Unfortunately, the city of Chicago seems unlikely to take such steps under the current administration, even though the inspiring movement work has created significant opportunity for change. Many City Council Members now repeatedly advocate for the defunding of CPD, including Jeanette Taylor and Rossana Rodriguez-Sanchez, among others in their socialist caucus and some in the progressive caucus. However, Mayor Lightfoot has rejected these calls and has instead called for more funding for police “training” and other moderate reforms that won’t shift power and resources from the carceral state to the communities most impacted by its devastation. Meanwhile, CPD is demonstrating that such reforms will fail to fundamentally change anything — they continue to treat the consent decree as a mere suggestion, missing over 70% of the deadlines thus far, and blatantly violating its requirements like those governing the use of force, as documented at these protests.

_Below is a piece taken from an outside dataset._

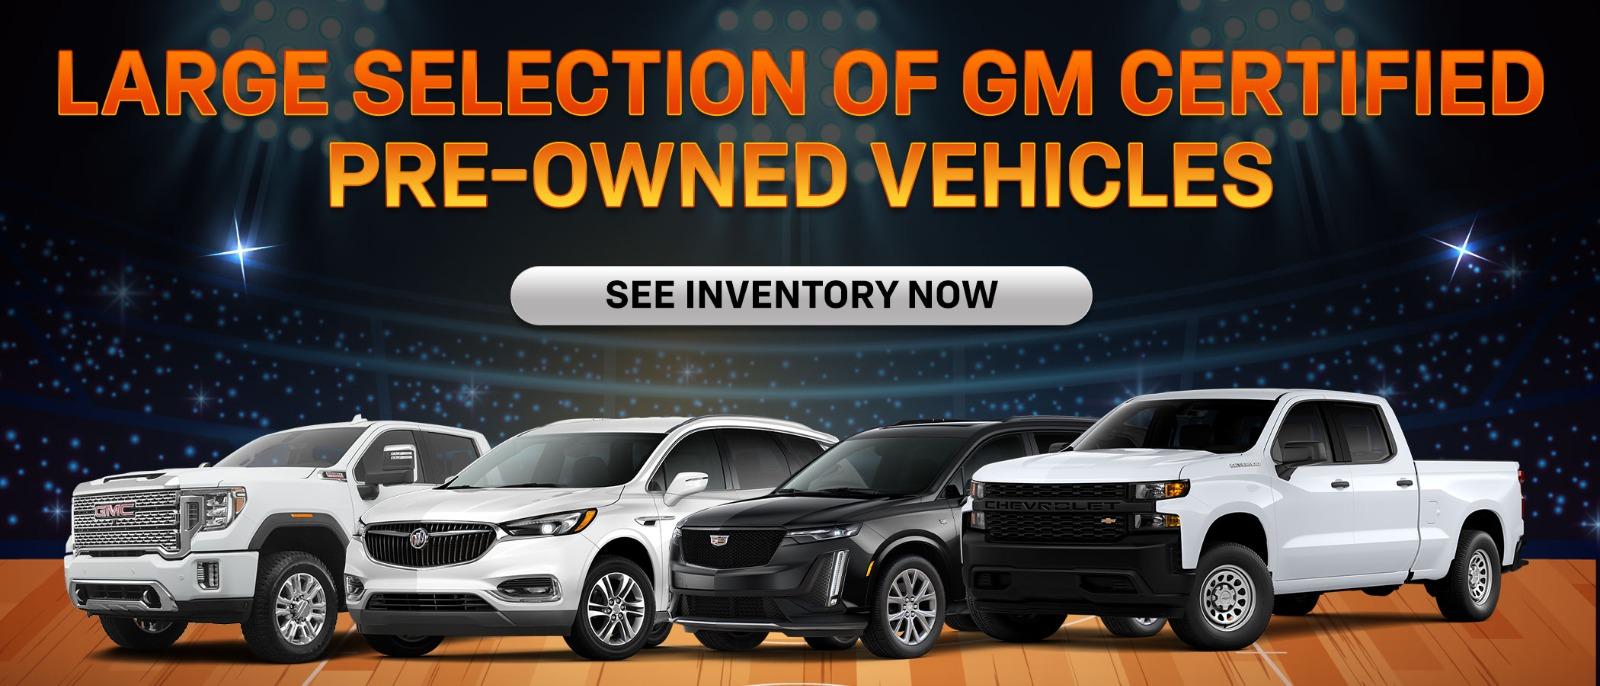 Large Selection of GM Certified Pre-Owned Vehicles

The current consent decree has proven to be insufficient. The city needs something more like the Chicago Community Consent Decree, which was proposed in 2018 by the Plaintiffs in Campell v. City of Chicago. This proposal included, “the removal of all CPD officers from Chicago Public Schools, the implementation of an all elected Civilian Police Accountability Council (CPAC), the creation of a Behavior Health Unit — as a non-carceral and independent entity from policing — organized to provide immediate psycho-social crisis intervention and treatment, the prohibition of police harassment of families [whose] loved ones have been killed by police, the creation of Rekia’s Fund to provide immediate payment to families [whose] loved ones were killed by police, prohibition of police trolling & dropping people in opposing gang territory, and a whole lot more,” according to Black Lives Matter Chicago’s website.
The people of Chicago need a real mechanism to hold police accountable when they violate the law, and nothing less than CPAC will do — the various mayoral-controlled oversight bodies have proven fundamentally unable to adequately address instances of police misconduct. The disgraceful “code of silence” guarantees that CPD will never be able to prevent or address misconduct by its own officers. The city needs the Chicago Community Consent Decree because CPD continues to prove that it is fundamentally unable to be reformed.